Then why were you saying the boy wasnt statutorily raped?


----------



## niko (Mar 23, 2006)

gunners said:
			
		

> Then why were you saying the boy wasnt statutorily raped?




I dont think I did, if I did, I was wrong.


----------



## Shogun (Mar 23, 2006)

Poor Gunners, arguing with Lassy, what a pointless endeavour...


----------



## Reznor (Mar 23, 2006)

I'm glad she got off, actually. Although, it would be a different story if the teacher where male.

Then again, I have a teacher fetish, so the story itself turns me on.


----------



## niko (Mar 23, 2006)

> Poor Gunners, arguing with Lassy, what a pointless endeavour...




Listen, and listen carefully, if you call me by that name again without reason, I assure you I wont make your stay here pleasant.


----------



## Raistlin-sama (Mar 23, 2006)

The age of consent in my country is 15. However anyone in a position of power compared to the young person (a teacher, like in this case) is not allowed to have sex with kids who are younger than 18. Or something like that. 

Anyways this is US laws, so it doesn't matter.

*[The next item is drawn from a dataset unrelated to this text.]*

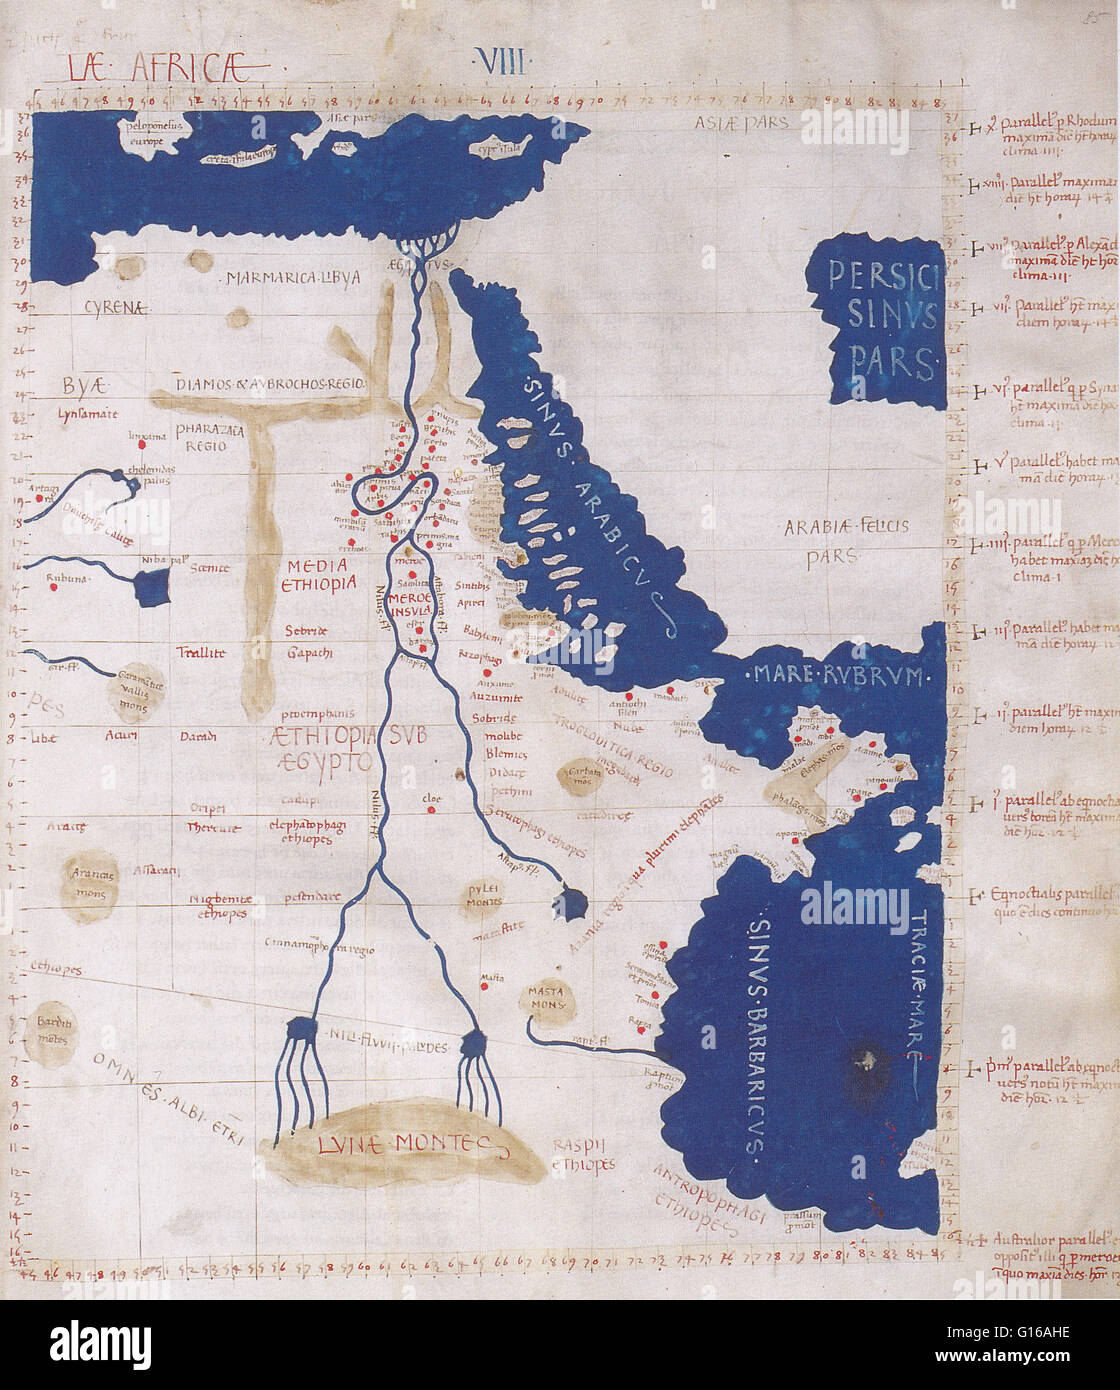 Ptolemy's map of the Nile was based on the description contained in Ptolemy's book Geographia, written 150 AD. Although authentic maps have never been found, the Geographia contains thousands of references to various parts of the old world, with coordinat Stock Photo

I'd definitely agree that there is a double standard in today's society when it comes to things like this. Women gets of far easier than men in these situations, as highlighted in this case.


----------



## Tsukiyomi (Mar 23, 2006)

Yassy said:
			
		

> Listen, and listen carefully, if you call me by that name again without reason, I assure you I wont make your stay here pleasant.


 
Save your threats dude, you have no power to back them up.


----------



## niko (Mar 23, 2006)

Tsukiyomi said:
			
		

> Save your threats dude, you have no power to back them up.





Mods do.


----------



## Tsukiyomi (Mar 23, 2006)

Yassy said:
			
		

> Mods do.


 
And you think you'll get mod support because someone called you a name you didn't like?

Anyway to get this back on topic, does anyone know whats happened with her since then?


----------



## Gunners (Mar 23, 2006)

Yassy said:
			
		

> Mods do.




But you are not mod, green daffy is ( cant spell you name).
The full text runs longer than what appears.